STATE

Leavenworth prison guard Michael Harston accused of accepting bribes for tobacco

Michael Harston, 52, of Kansas City, Mo., was indicted Wednesday

Justin Wingerter
A guard at United States Penitentiary in Leavenworth was indicted Wednesday for allegedly accepting bribes in exchange for tobacco.

A prison guard was indicted on bribery charges Wednesday for allegedly smuggling tobacco to inmates at a federal prison in Leavenworth.

Michael Harston, 52, was charged in U.S. District Court in Kansas City with one count of conspiracy to commit bribery and four counts of accepting bribes.

According to federal prosecutors, Harston took bribes between October 2013 and August 2014 in exchange for carrying contraband tobacco into the United States Penitentiary in Leavenworth.

Harston, a resident of Kansas City, Mo., received payments from the relatives of inmates through wire transfers, U.S. Attorney Barry Grissom’s office alleges, and was caught on video surveillance distributing tobacco to inmates.

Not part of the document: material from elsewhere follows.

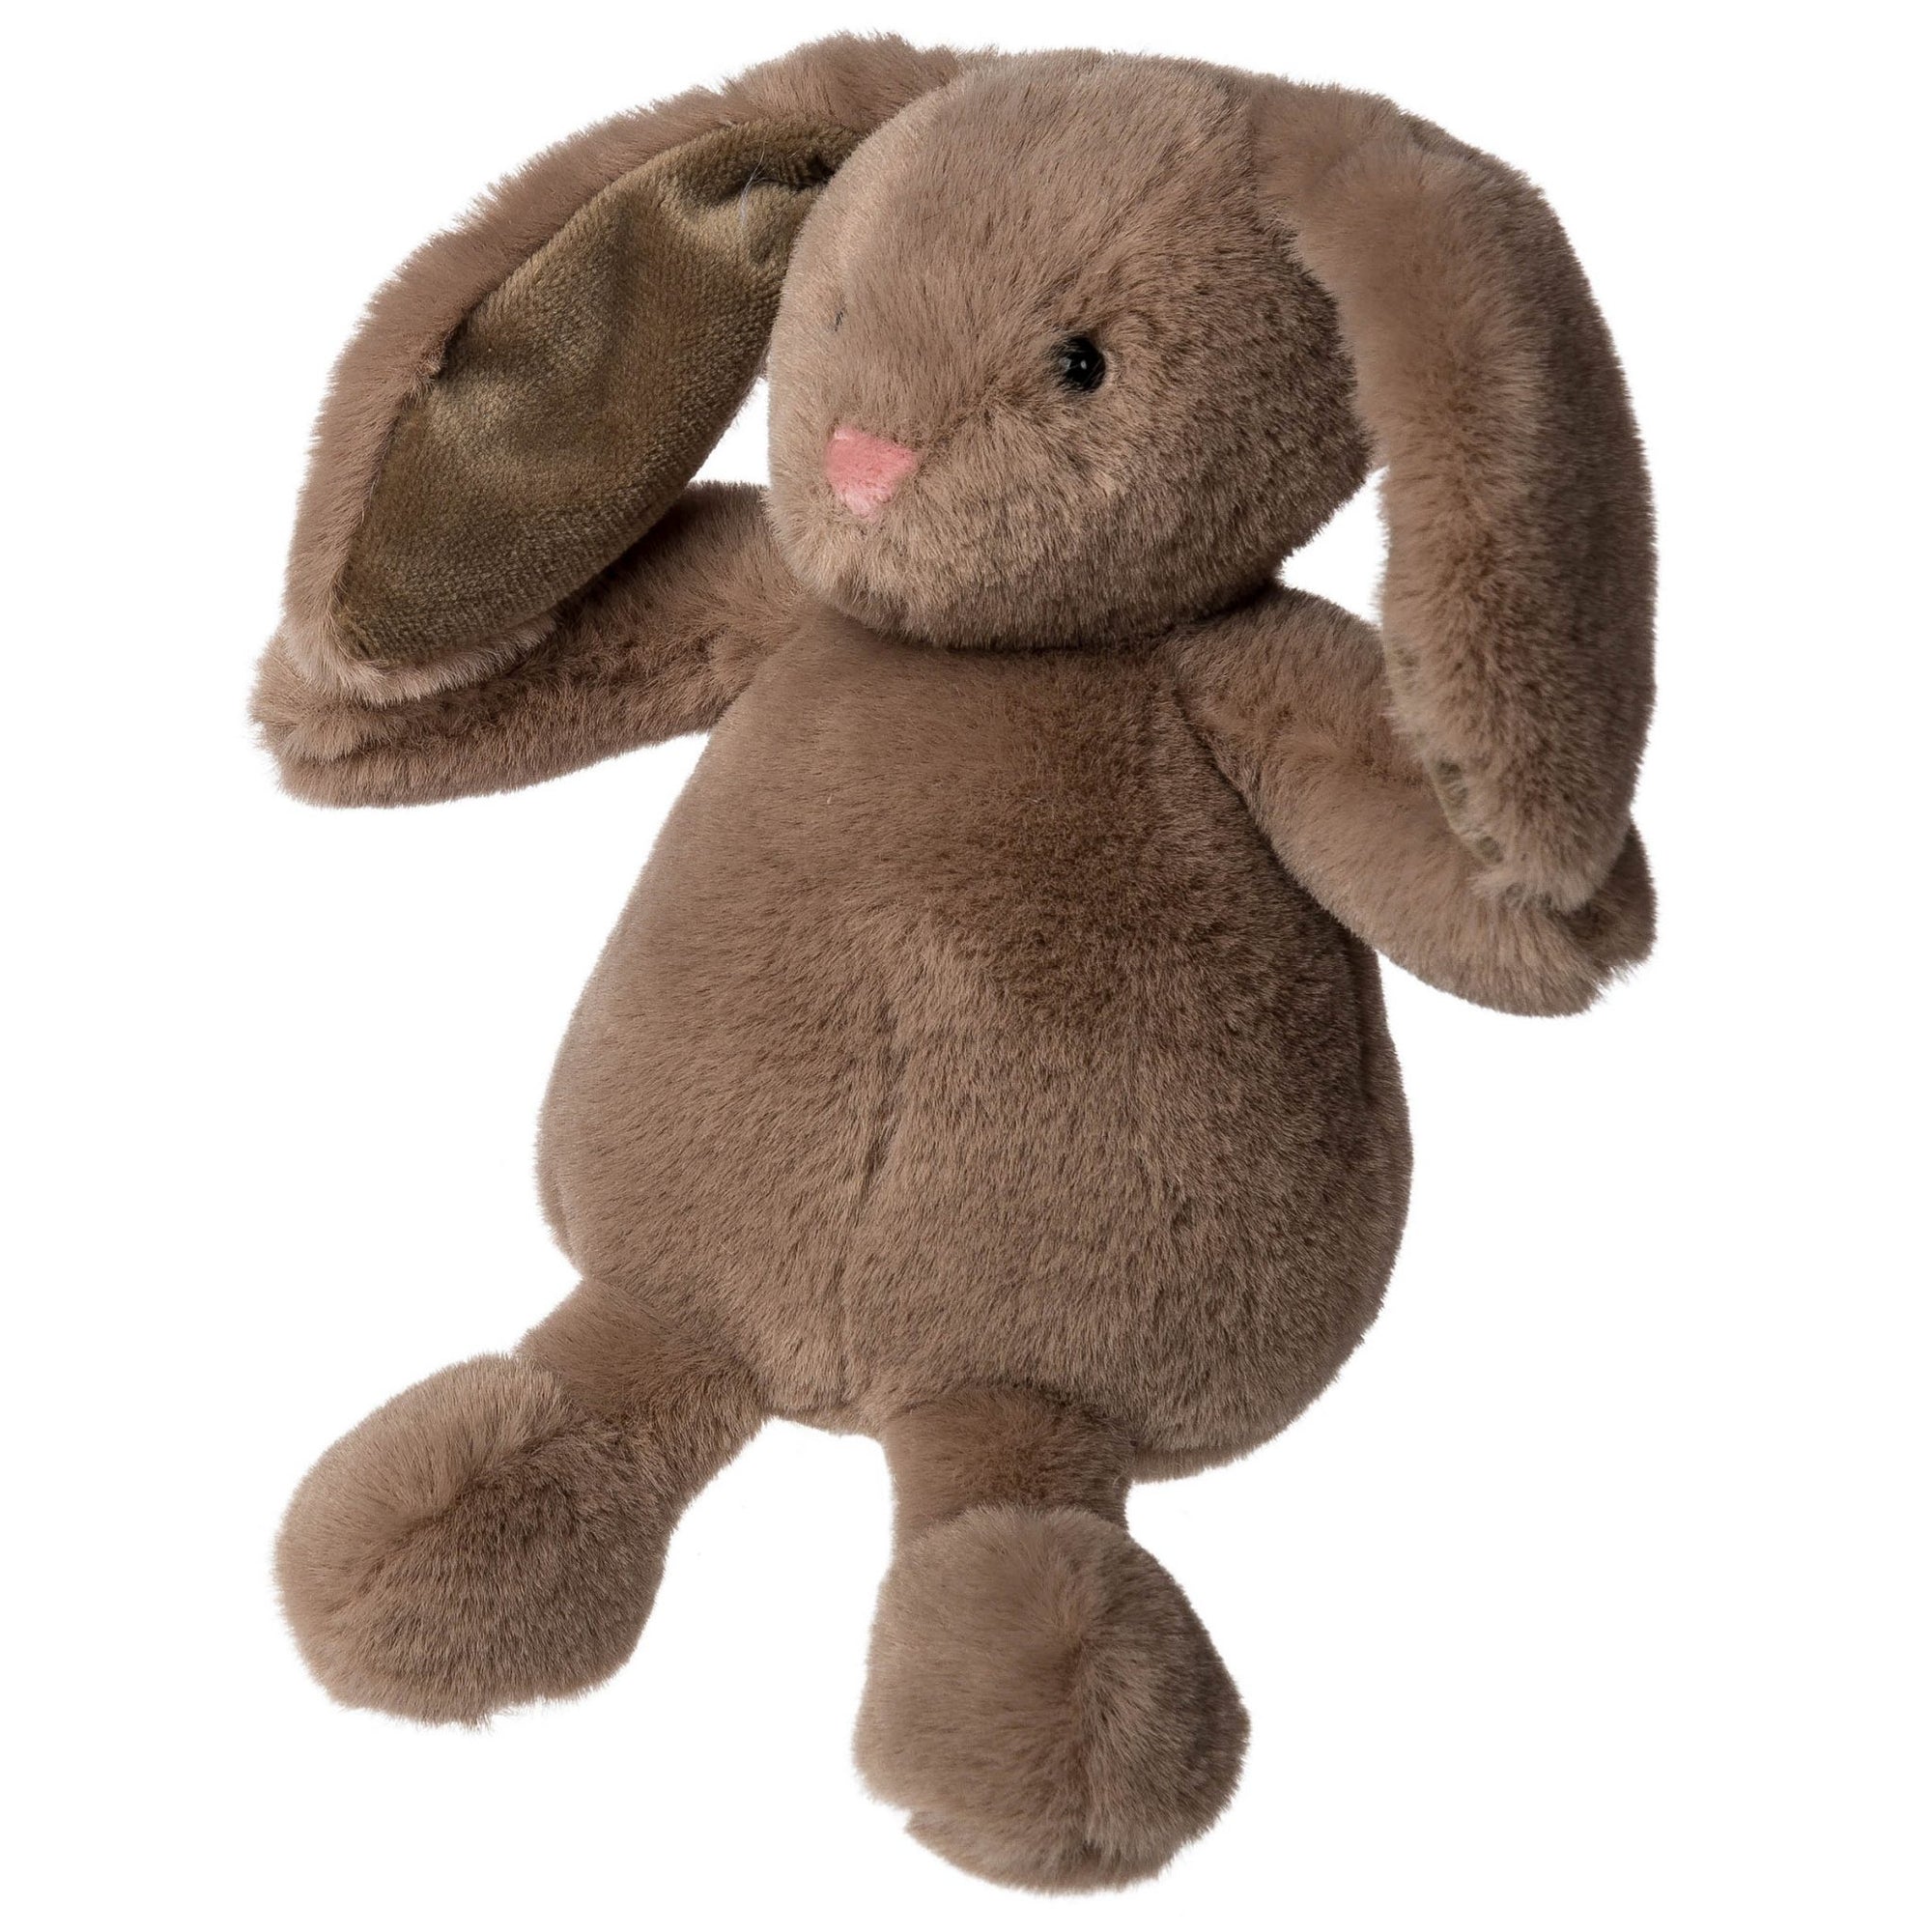 Chiparoo Bunny Small Toy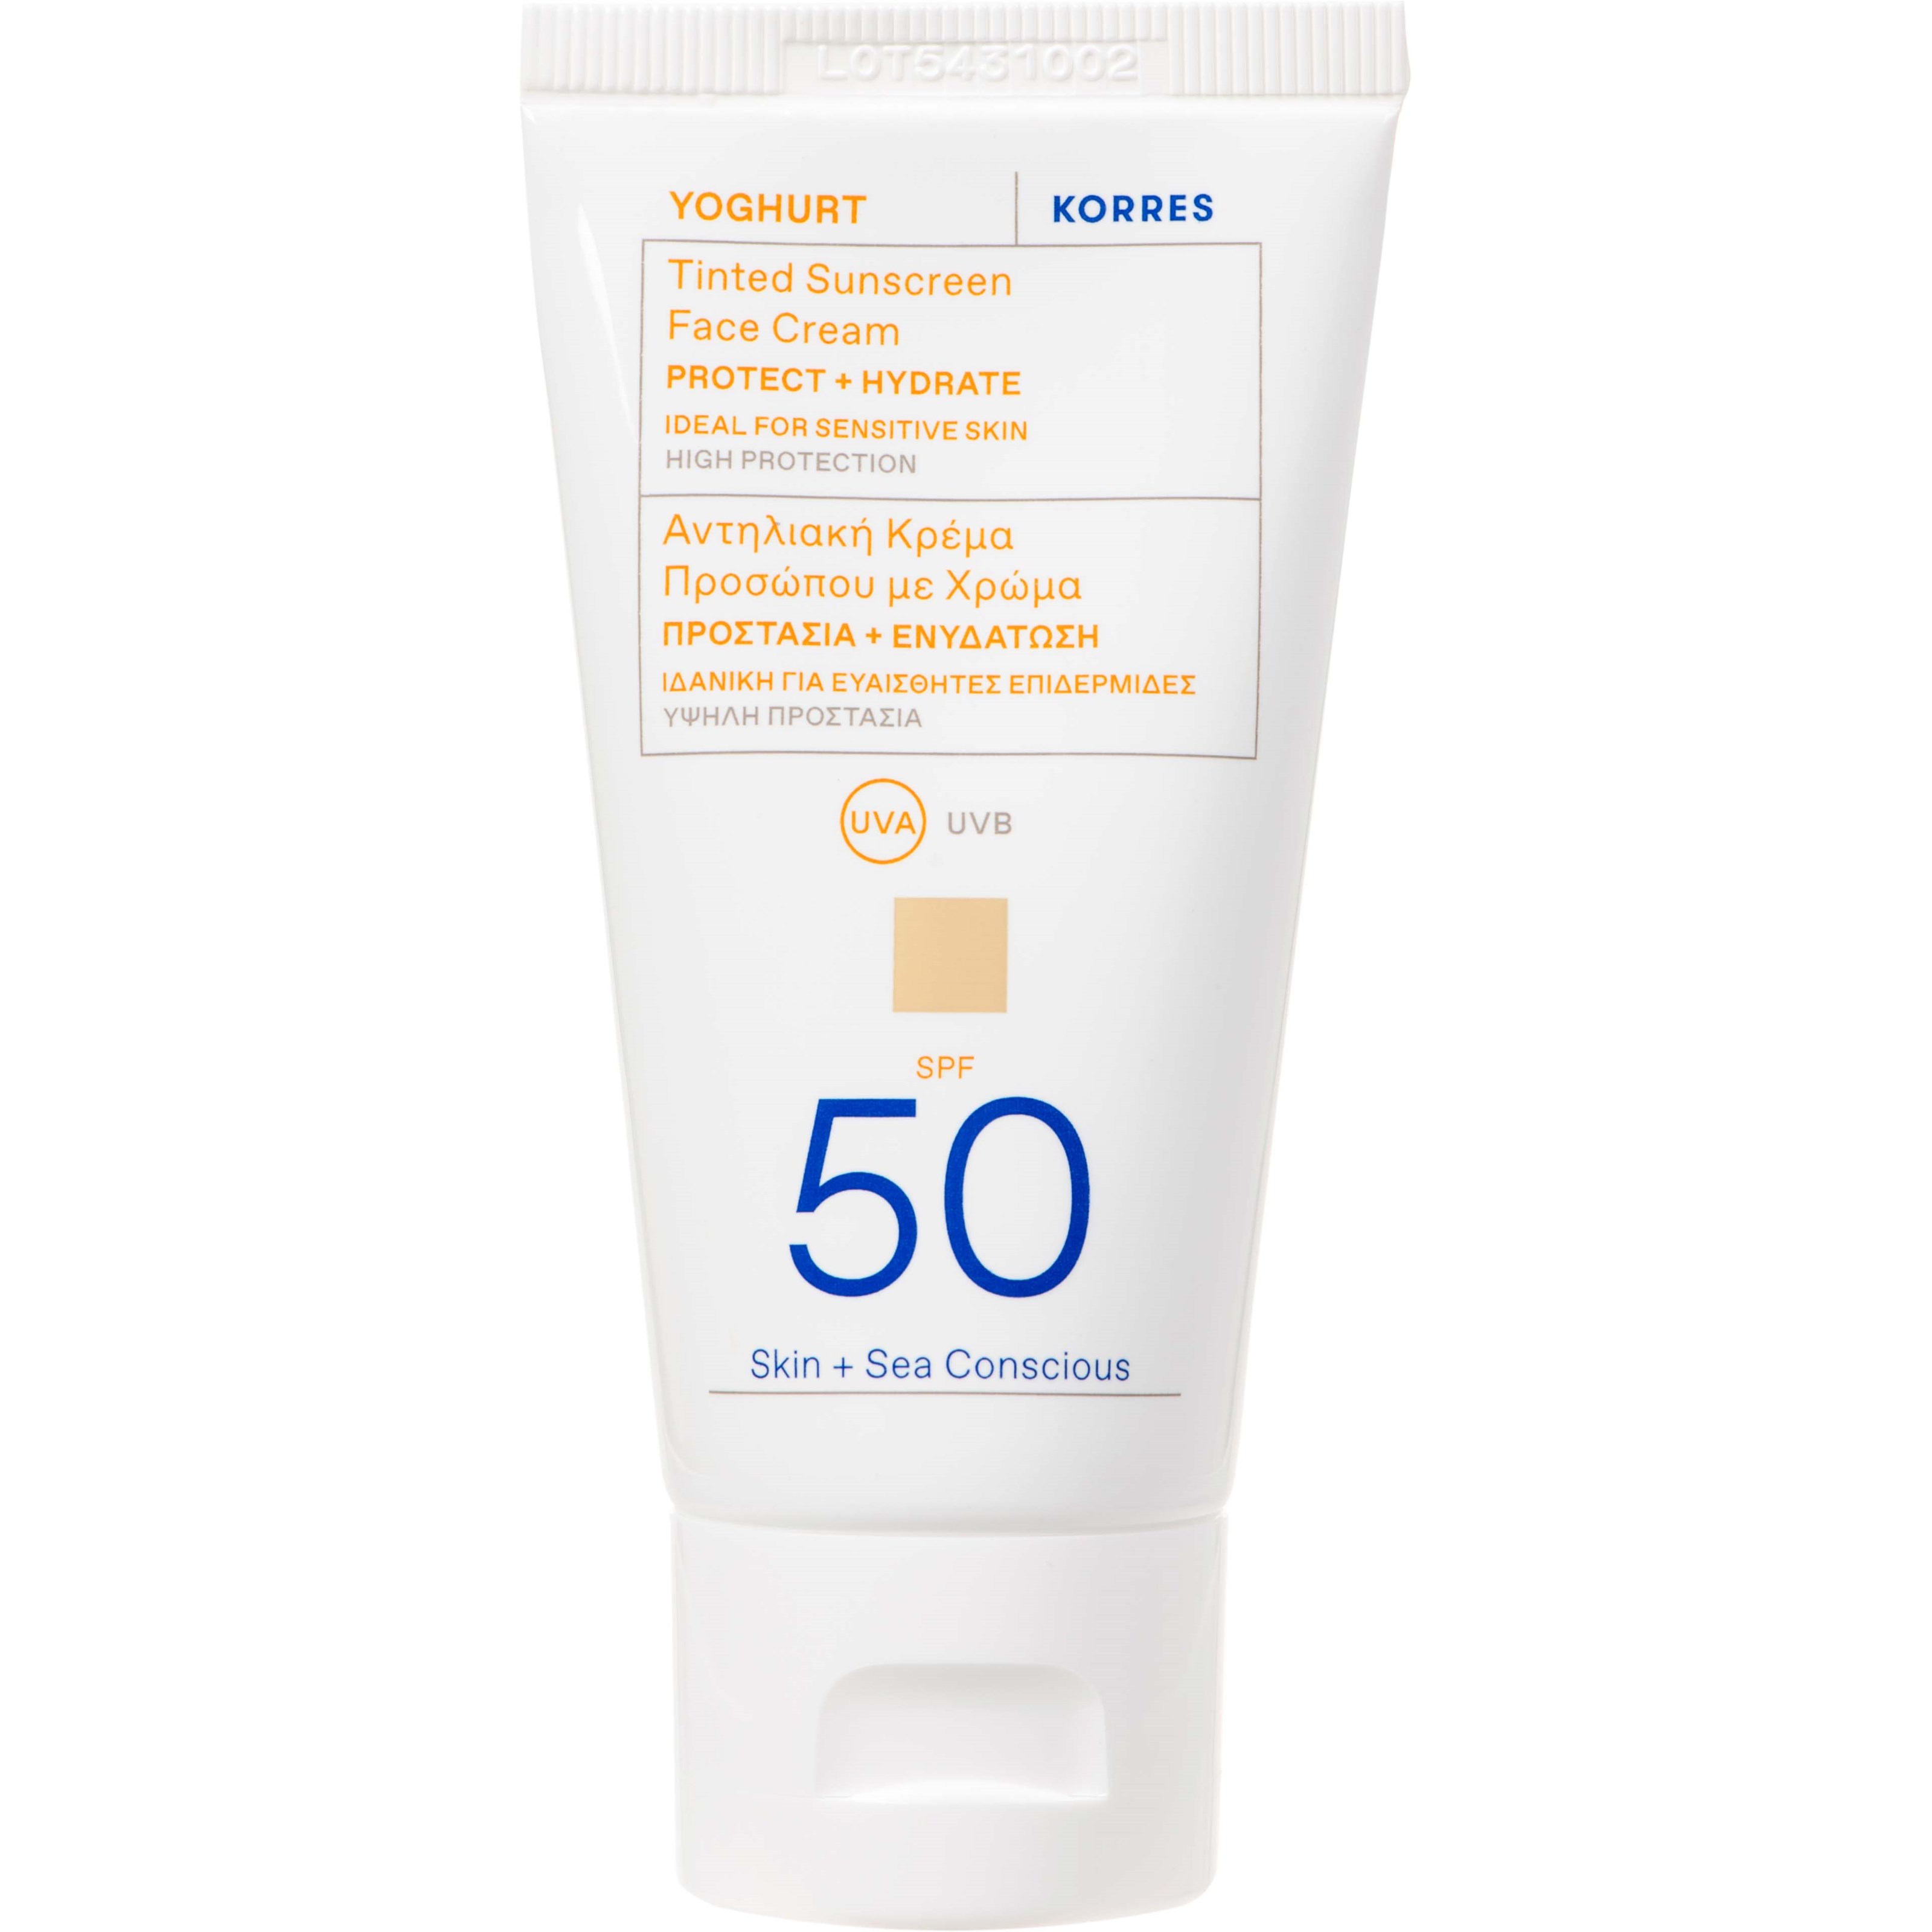 Фото - Крем для засмаги Korres Yoghurt Tinted Sunscreen Face Cream SPF 50 50 ml

The Federal Bureau of Investigation investigated the alleged bribery, Grissom’s office said.

Harston faces a maximum sentence of five years in federal prison and a fine of $250,000 on the conspiracy charge and up to 15 years in prison and fine of $250,000 on each of the four bribery counts.

Built in 1903, United States Penitentiary in Leavenworth was the nation’s largest maximum-security federal prison before being downgraded to a medium-security prison in 2005. The all-male prison houses 1,919 prisoners.

Seven employees of the historic Leavenworth prison have been killed since the prison opened. Its long list of notorious inmates includes Martin Luther King Jr. assassin James Earl Ray, serial killer Carl Panzram, gangster George “Machine Gun” Kelly and professional quarterback Michael Vick.